Which one of the following statements is correct?
Given, \(\displaystyle \binom{n}{m} = \frac{n!}{m!(n-m)!}\) is the binomial coefficient.

• A. \(\cos n\theta = \cos^n \theta - \binom{n}{2} \cos^{n-2}\theta \sin^2\theta + \binom{n}{4} \cos^{n-4}\theta \sin^4\theta - \dots\)
• B. \(\sin n\theta = \binom{n}{1}\cos^{n-1}\theta \sin\theta + \binom{n}{3}\cos^{n-3}\theta \sin^3\theta + \dots\)
• C. \(\cos n\theta = \cos^n \theta + \binom{n}{2} \cos^{n-2}\theta \sin^2\theta + \binom{n}{4} \cos^{n-4}\theta \sin^4\theta + \dots\)
• D. \(\sin n\theta = \cos^n \theta - \binom{n}{2} \cos^{n-2}\theta \sin^2\theta + \binom{n}{4} \cos^{n-4}\theta \sin^4\theta - \dots\)

Hint:

Use De Moivre's theorem to derive expressions for multiple-angle trigonometric identities in terms of powers of sine and cosine.

Answer 1

The Correct Option is A

Step 1: Using De Moivre's theorem. 
According to De Moivre's theorem: \[ (\cos \theta + i \sin \theta)^n = \cos n\theta + i \sin n\theta \]

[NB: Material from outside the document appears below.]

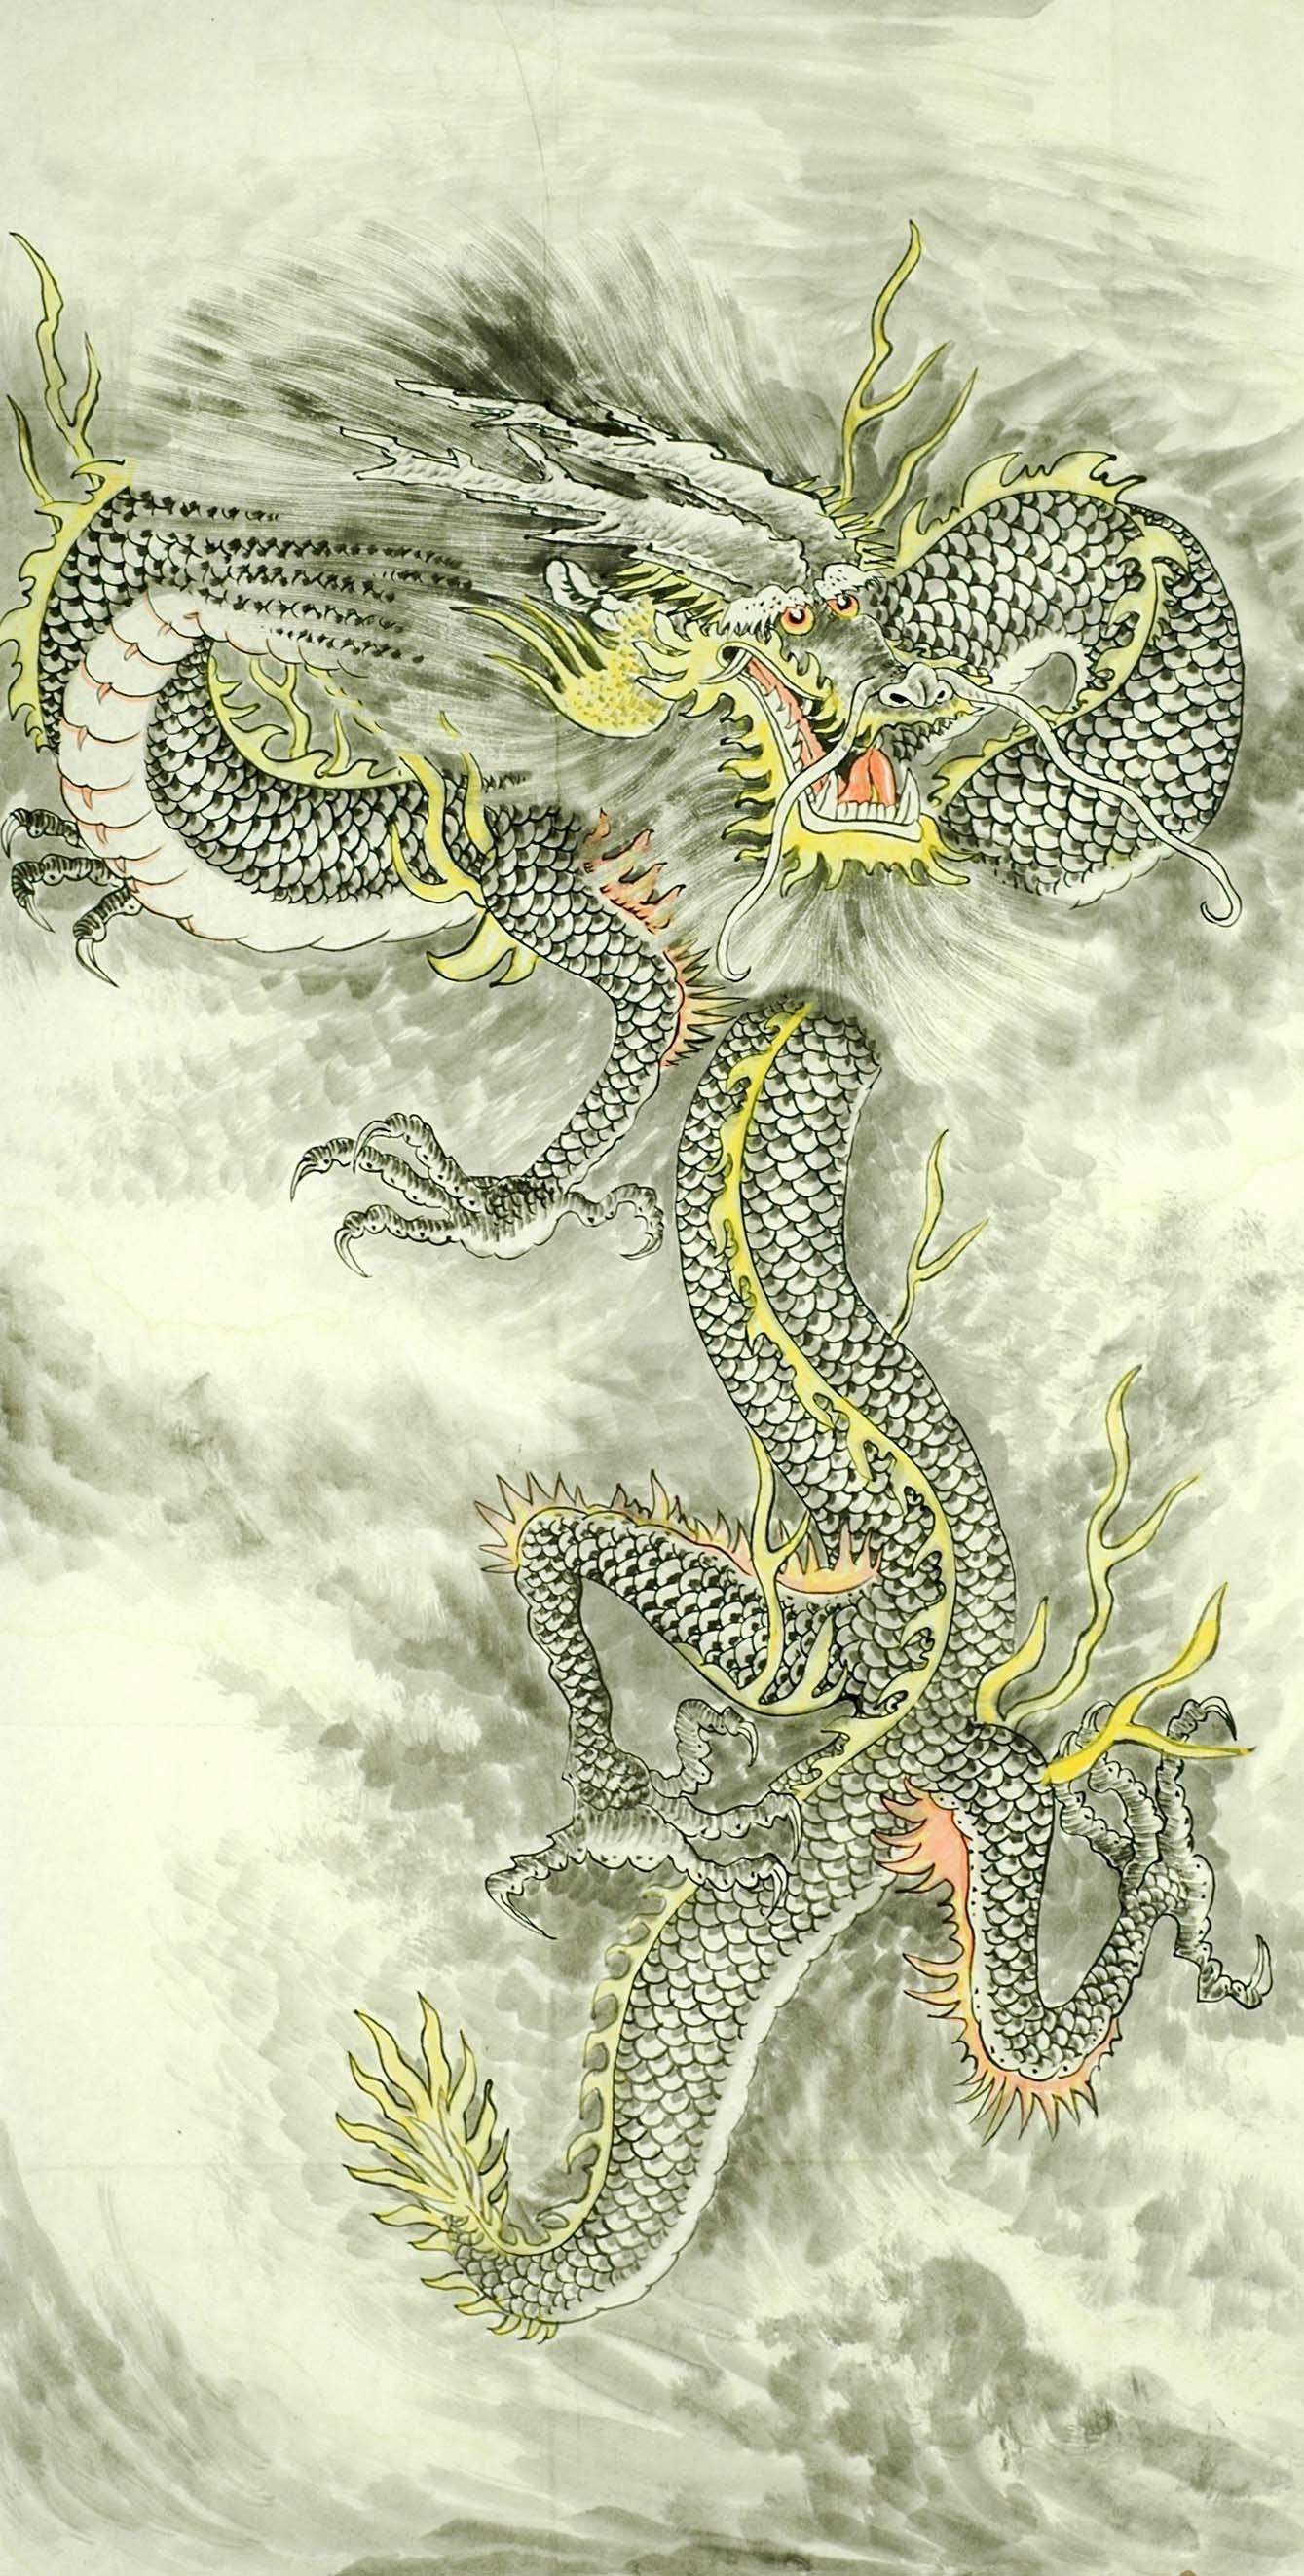 Chinese Dragon Painting - CNAG008725

Step 2: Expand using binomial theorem. 
\[ (\cos \theta + i \sin \theta)^n = \sum_{k=0}^{n} \binom{n}{k} (\cos \theta)^{n-k} (i \sin \theta)^k \]

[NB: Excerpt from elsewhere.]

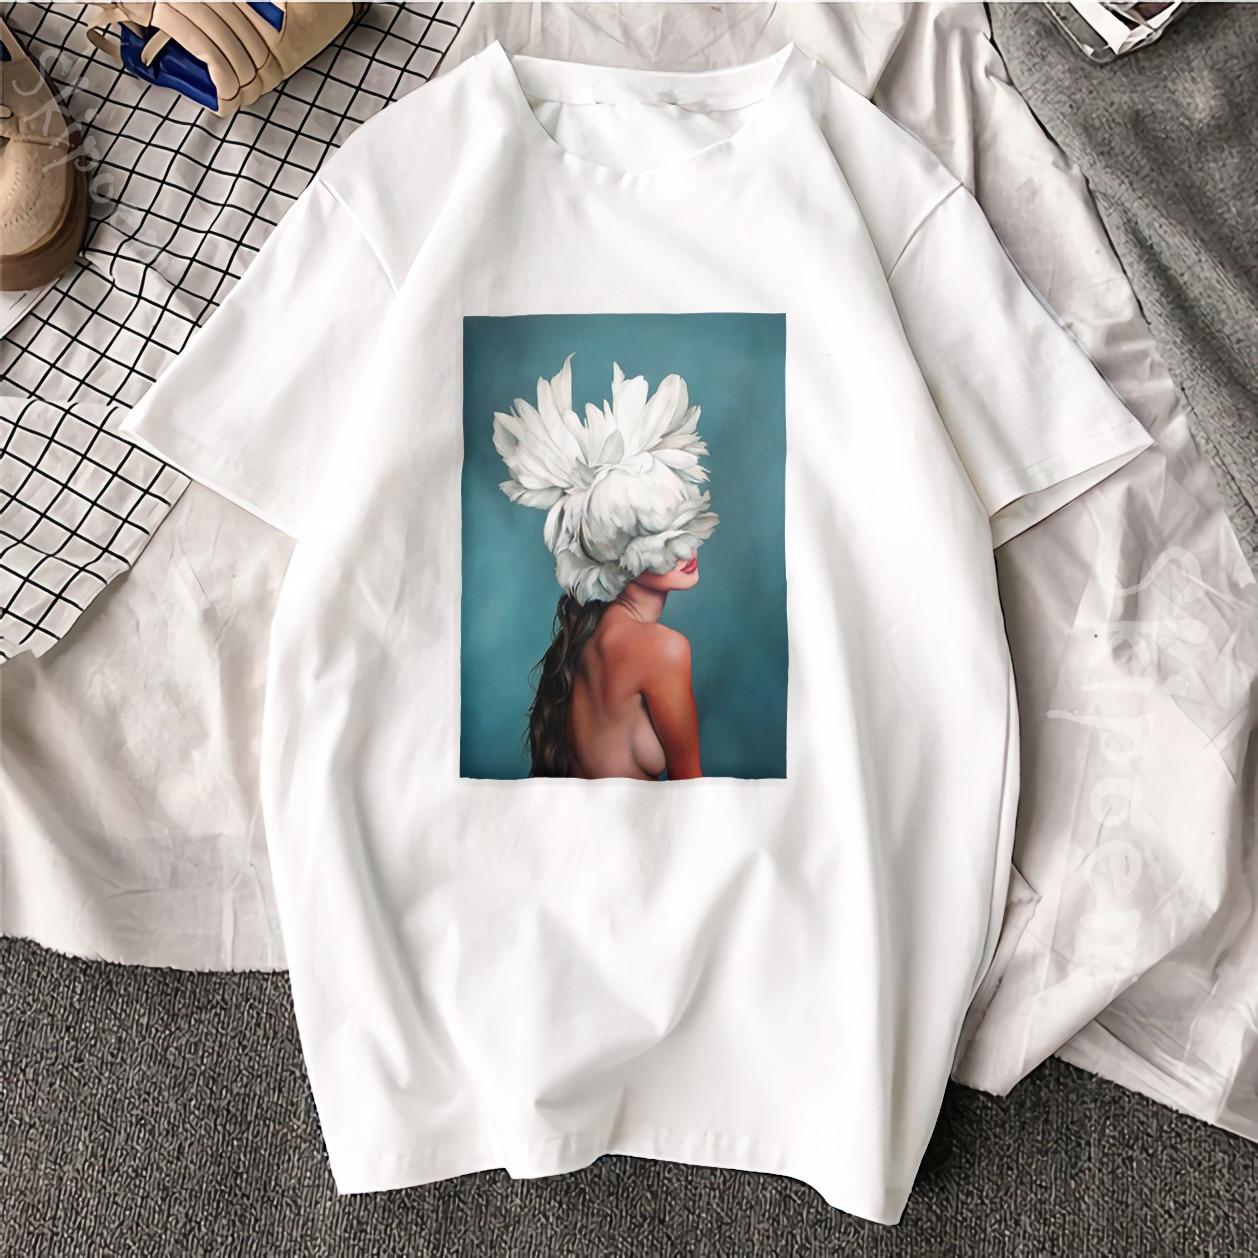 New Cotton Harajuku Aesthetics Tshirt Sexy Flowers Feather Print Short Sleeve Tops & Tees Fashion Casual Couple T Shirt 1

Step 3: Separate real and imaginary parts. 
- Real part gives \(\cos n\theta = \cos^n \theta - \binom{n}{2} \cos^{n-2}\theta \sin^2\theta + \binom{n}{4} \cos^{n-4}\theta \sin^4\theta - \dots\) 

- Imaginary part gives \(\sin n\theta = \binom{n}{1} \cos^{n-1}\theta \sin\theta - \binom{n}{3} \cos^{n-3}\theta \sin^3\theta + \dots\)

Step 4: Conclusion. 
Hence, option (A) correctly represents the real part, which gives the expression for \(\cos n\theta.\)